The list of things I have to do is so long. I’m sure it is for every parent. More so for those of us who parent primarily alone and even more so for those of you who parent entirely alone.

Every single day I have to clothe, feed, bathe, entertain, teach, clean and protect three small kids. I also have to clean the house, run the errands, stock the shelves and kitchen, keep track of the money, cook the meals and do the laundry. It is enough to keep the most energetic person running and close to exhaustion.

I have been fortunate to meet some amazing fellow mama warriors, especially since becoming a parent myself. I try to learn from every one of them and steal from them the things I admire the most. One such mama talked about the idea of turning a “have to” into a “get to.” Her point was about learning to be grateful for everything in life.

I look at the never shrinking piles of laundry and think of it as a chore that I have to do. She wants me to look at the laundry and think of how fortunate I am to have three beautiful children who wear those clothes I get to wash. I think of a trip to the store as a battle I have to fight with the crazy crowds of fellow shoppers for the tiny pair of pink tights I have to get before Peyton’s dance class on Thursday. She thinks I should be grateful that I get to send my little peanut to a dance class at all because there are countless families without that luxury at all.

This is not a skill I have mastered. Since hearing her idea about changing one’s negativity into positivity I have definitely felt more grateful about many aspects of my life but it hasn’t sunk in entirely.

When Peyton woke up in the middle of the night and peed on the carpet in her room, I was less than grateful. When she did it again a few nights later, this time walking into the baby’s room to do it in there, I wasn’t feeling very grateful.

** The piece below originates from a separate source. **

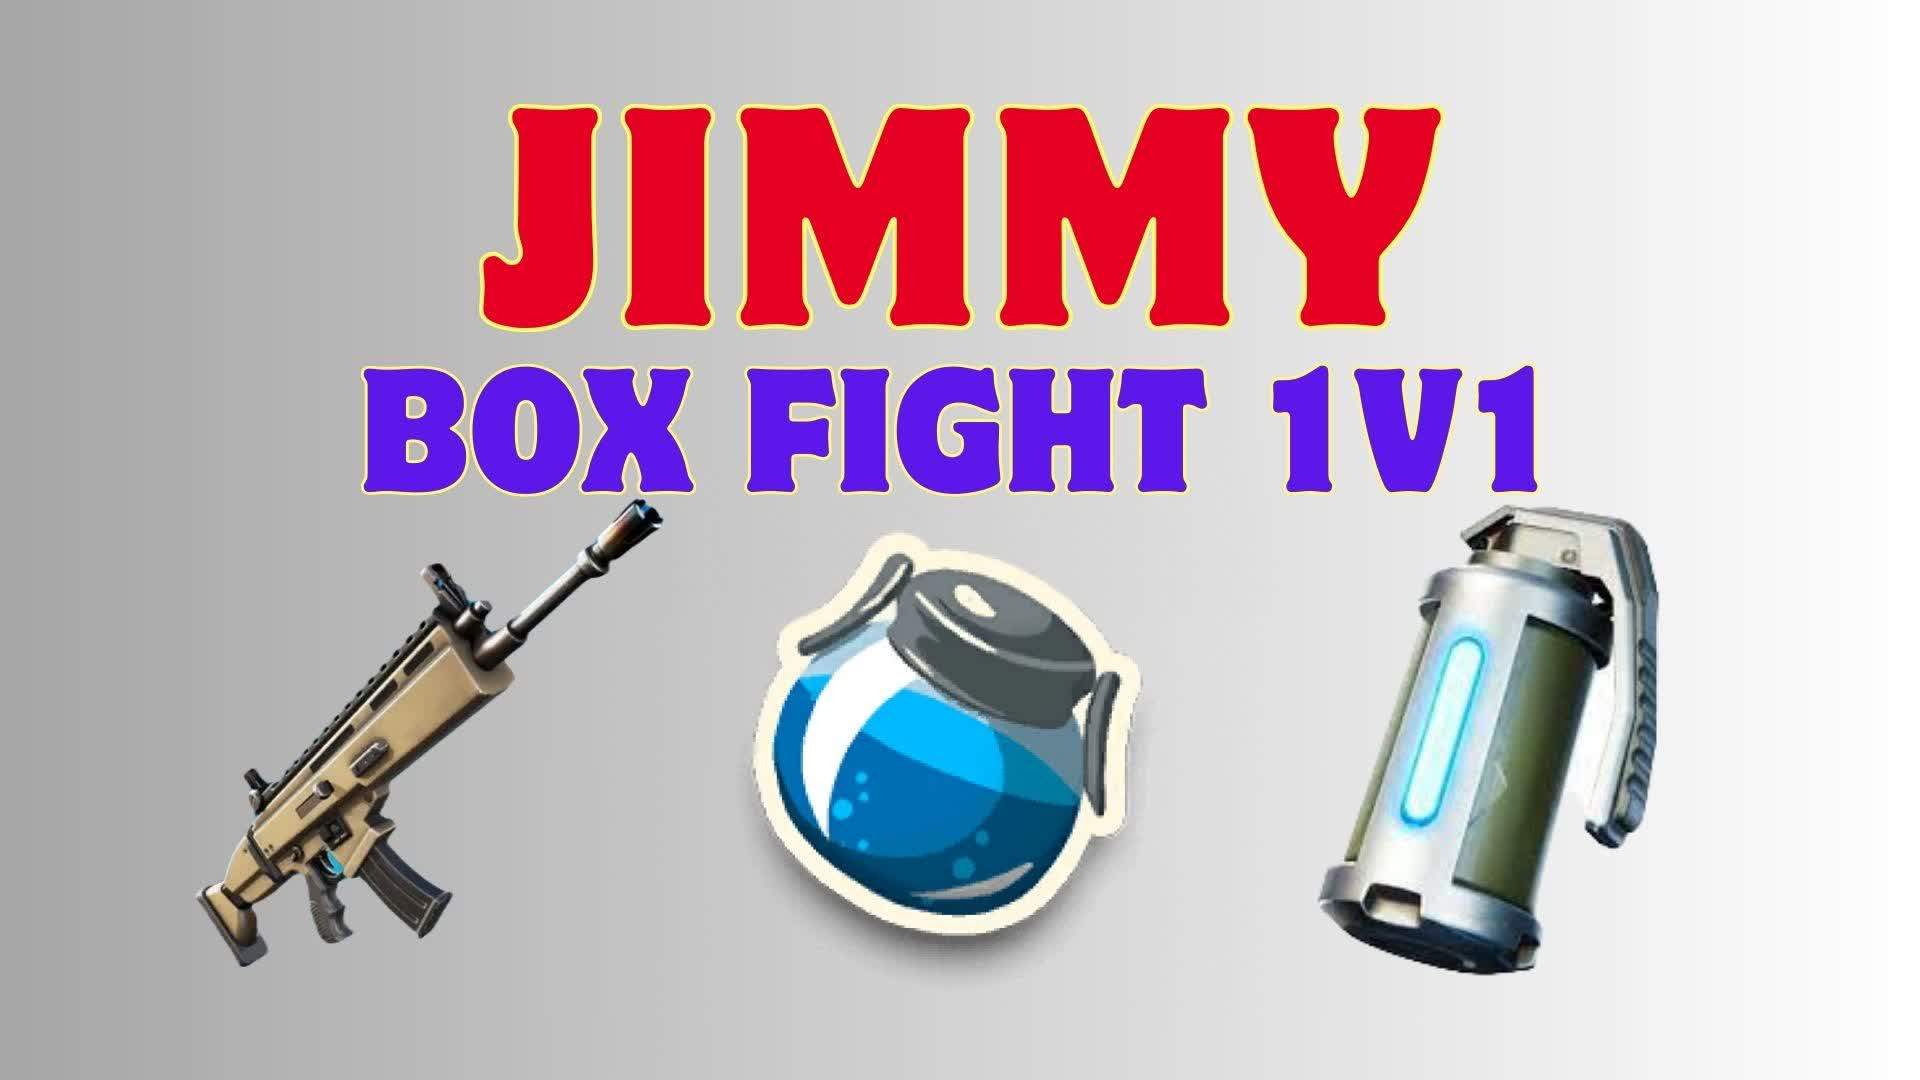 JIMMY Box Fight

I recently got a lengthy list of school supplies necessary for Kendall to start Kindergarten. Soon after we learned we also have to pay a student fee for additional supplies. What?! I wasn’t feeling very grateful then either.

The truth is, I don’t feel grateful when Luca spits out his oatmeal, catches it in his hand and smears it all over himself and his highchair.

I’ve never been grateful that every time Kendall gets a bad cough she coughs so hard that she vomits… in her bed, her car seat and on my kitchen floor.

I have yet to feel grateful when my husband leaves his clothes on the floor when the hamper is easily accessible in our closet.

Marriage and parenting aren’t all rainbows and sunshine. It is a long, hard battle to work with another flawed human being to raise happy, healthy, productive and flawed human beings.

I am grateful every single day that I get to be their wife and mother. I am trying every single day to change my “have to” list into a “get to” list. Although I do think this has helped to improve my attitude towards the mundane and/or irritating aspects of my every day, I don’t think I’ll be a 100% follower of my lovely friend’s theory.